Microsoft has developed a new image captioning algorithm that exceeds human precision in some limited tests. The AI system was used to update the company’s visually impaired assistant application, Seeing AI,. And will soon be integrated with other Microsoft products such as Word, Outlook, and PowerPoint. There it will be used for tasks such as creating alt text for images – a particularly important function for increasing accessibility.
“Ideally, everyone would include alt text for all images in documents, on the web, on social media,. As this allows the blind to access the content and participate in the conversation”. Saqib Shaikh said. , head of software engineering at Microsoft. The AI team in a press release. “But, alas, people don’t. So there are several apps that use picture captioning to fill in alt text when it is missing. “
These apps include Microsoft’s Seeing AI, which the company first launched in 2017. Seeing AI uses computer vision to describe the world seen through a smartphone camera for the visually impaired.

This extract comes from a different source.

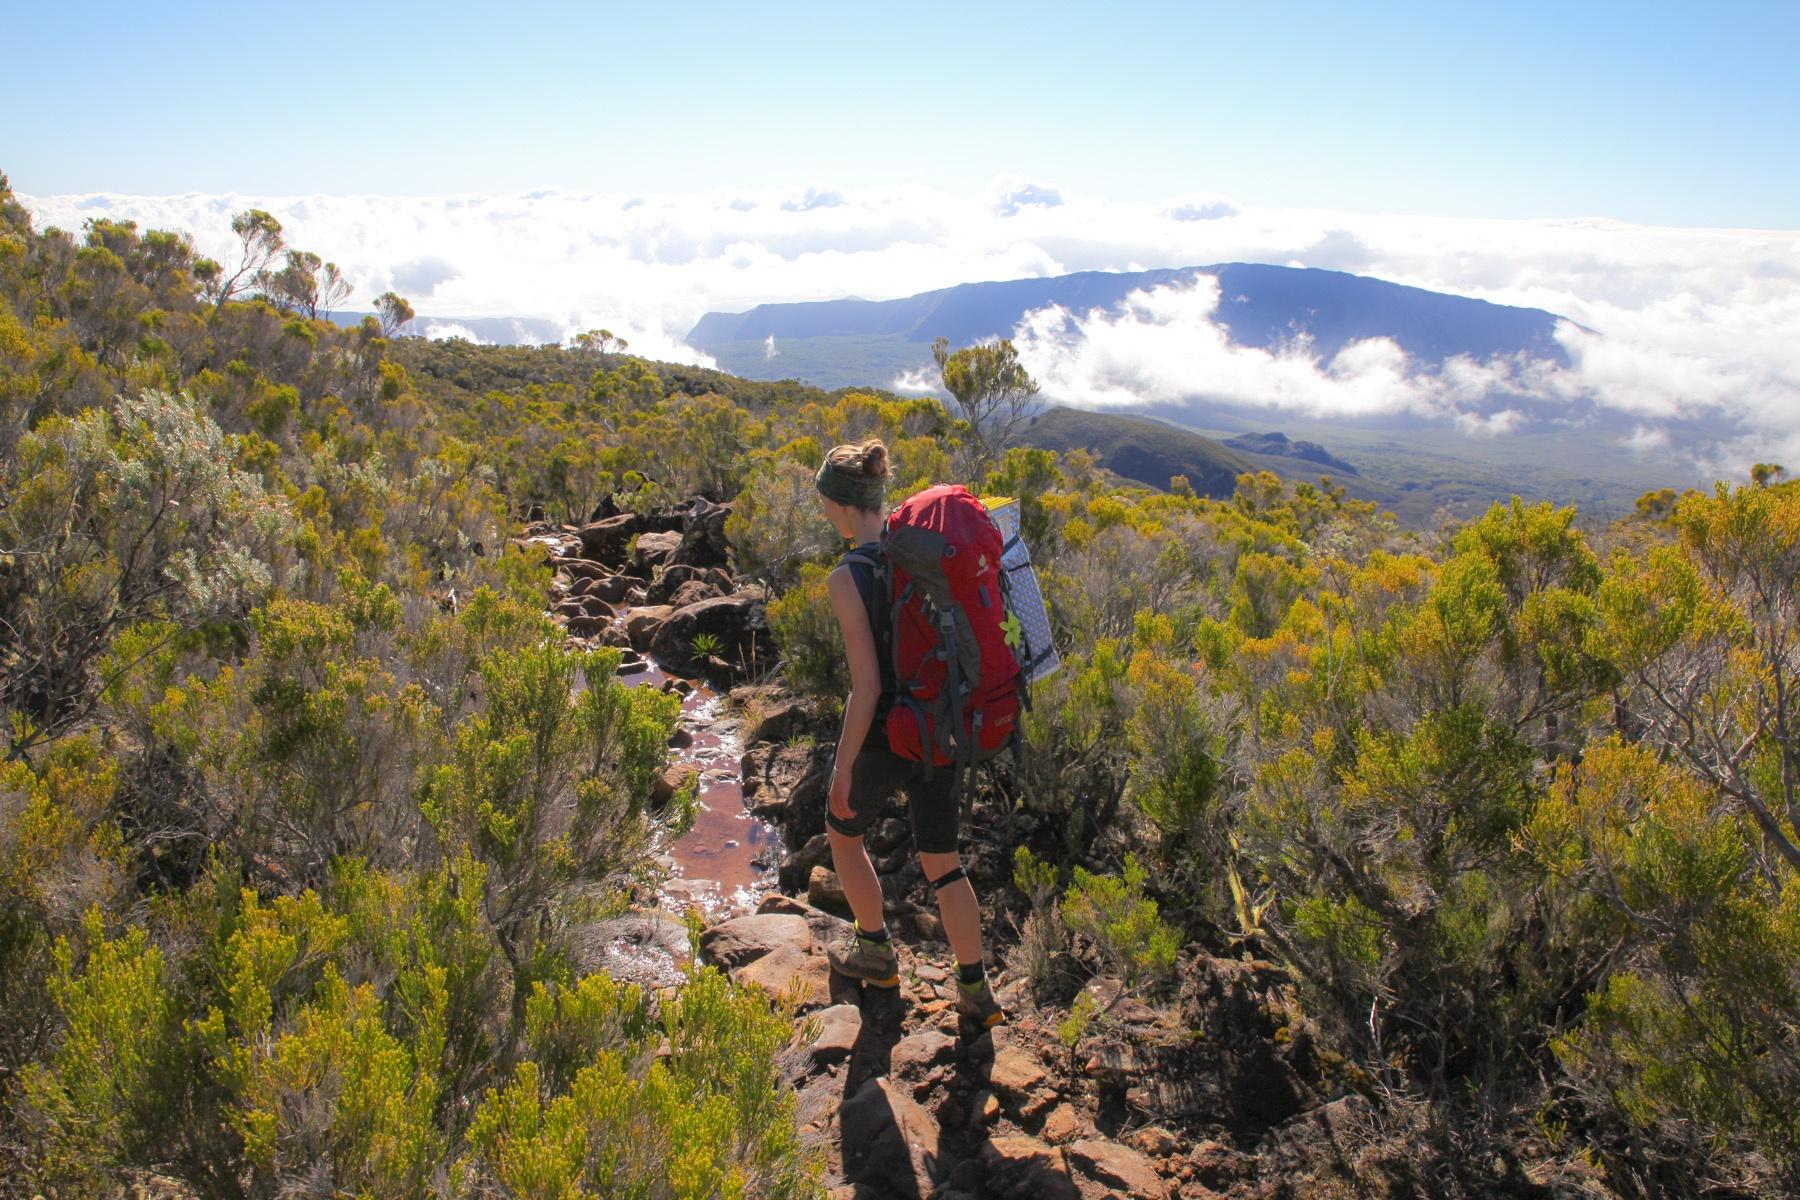 Wandern auf La Réunion: Ab Mittag ziehen die Wolken in die Berge.

He can identify household items, read and scan text, describe scenes, and even identify friends. It can also be used to describe images in other apps including email clients, social media apps, and messaging apps like WhatsApp.
Microsoft’s new image caption algorithm will significantly improve the performance of Seeing AI, as it can not only identify objects, but also more accurately describe the relationship between them. Therefore, the algorithm can look at an image and not only tell what elements and objects it contains (eg, “A person, a chair, an accordion”) but how they interact (eg, “A person is sitting in a chair and play an accordion ”). Microsoft says the algorithm is two times better than its previous image captioning system, in use since 2015.
The algorithm, which was described in a pre-printed article published in September, achieved the highest scores in an image caption benchmark known as “nocaps.” This is an industry leading marker for image captions, although it has its own limitations.
The nocaps benchmark consists of more than 166,000 human-generated captions describing some 15,100 images taken from the Open Images Dataset. These images span a variety of settings, from sports to vacation snapshots, food photos, and more. (You can get an idea of the combination of images and captions by exploring the knockout dataset here or by looking at the gallery below.) The algorithms are tested on their ability to create captions for these images that match those of humans.
However, it is important to note that non-capitalized cue points capture only a small part of the complexity of image captions as a general task. Although Microsoft states in a press release that its new algorithm “describes images as well as people”. This is only true to the extent that it applies to a very small subset of images contained in knockouts.
As Harsh Agrawal, one of the benchmark’s creators, told krafitis via email: “Outperforming human knockouts is not an indicator that captions in images are a solved issue”. Agrawal noted that the metrics used to evaluate knockout performance “only roughly correlate with human preferences”. And that the benchmark itself “only covers a small percentage of all possible visual concepts”.
Other News :- Next Generation of Office Communication Technology
“As is the case with most benchmarks, [the] nocaps benchmark is just a rough indicator of the performance of the models on the task,” Argawal said. “Outperforming human knockouts in no way indicates that AI systems outperform humans in understanding images.”
This issue, assuming that performance at a specific benchmark can be extrapolated as performance on the underlying task more generally,. Is common when it comes to overstating AI capabilities. In fact, Microsoft has been criticized by researchers in the past for making similar claims about the ability of its algorithms to understand the written word.
However, subtitling images is a task that has seen great improvements in recent years thanks to artificial intelligence. And Microsoft’s algorithms are undoubtedly state-of-the-art. In addition to integrating into Word, Outlook, and PowerPoint,. The AI image title will also be available as a standalone template through the Microsoft cloud and the Azure AI platform.